Reuters reports: Last October, prosecutors from the Justice Department asked a federal magistrate judge in Brooklyn to issue an order directing Apple to help the Drug Enforcement Administration bust security on an iPhone 5 seized from the home of Jun Feng, a suspected meth dealer.

The government had previously obtained many such orders against Apple and other companies under the All Writs Act, a 1789 statute that grants federal courts broad power to issue “necessary or appropriate” writs.

The act has been a powerful tool for prosecutors since 1977, when the U.S. Supreme Court ruled in U.S. v. New York Telephone that the All Writs Act extends, under certain conditions, to private companies in a position to assist “the proper administration of justice.”

Apple has a long history of compliance with All Writs Act orders.

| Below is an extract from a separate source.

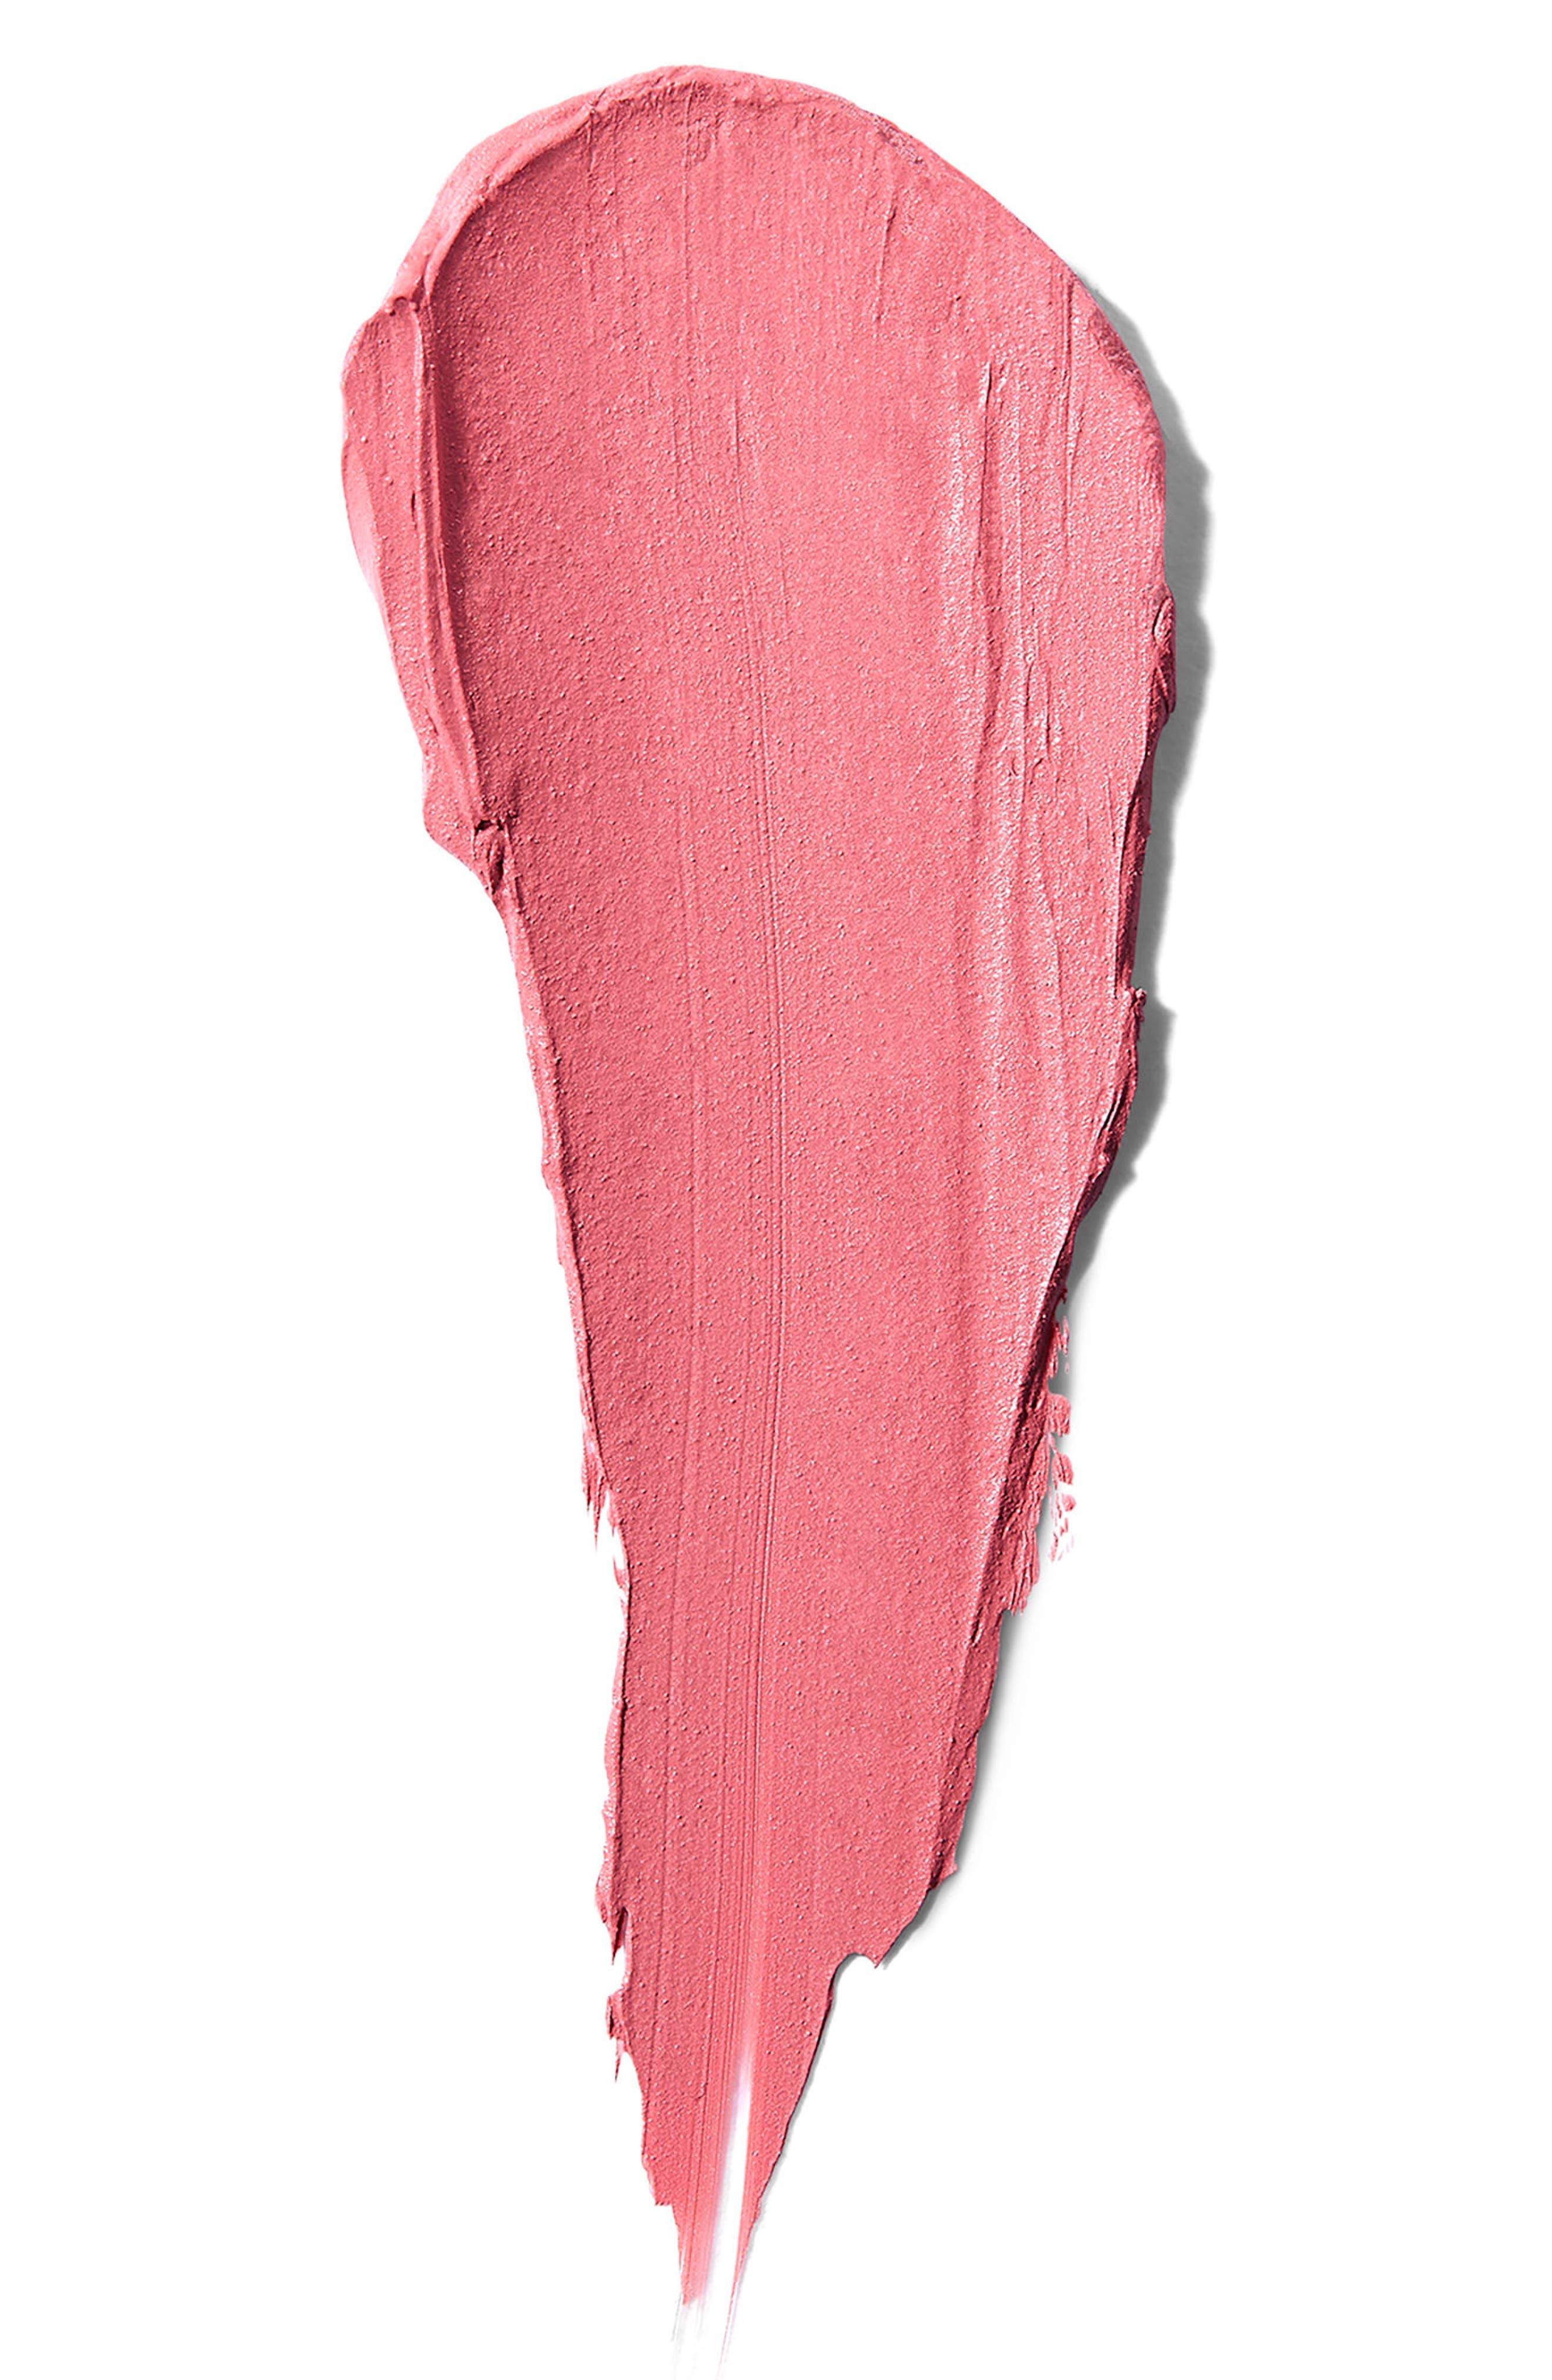 Cellular Radiance Cream Blush,                             Alternate thumbnail 2, color,                             Rose Glow

The company helped New York investigators extract data from a suspected child sex abuser’s iPhone in 2008; rushed a data extraction in 2013 from the phone of an alleged child pornographer in Washington; and in 2015 provided federal agents in Florida with data the company extracted from a drug suspect’s phone.

According to a Justice Department brief filed last fall, Apple never objected to All Writs Act orders in those cases – nor, for that matter, to any All Writs Act order directing the company to help federal investigators break into iPhones.

Apple’s policy of acquiescence abruptly changed in the Jun Feng case last year. And for all of the attention now focused on Apple’s announced opposition to a newly issued All Writs Act order directing the company to help Justice Department investigators break the passcode on an iPhone belonging to San Bernardino shooter Syed Farook, the Feng case is quite likely to produce a ruling before the Farook case.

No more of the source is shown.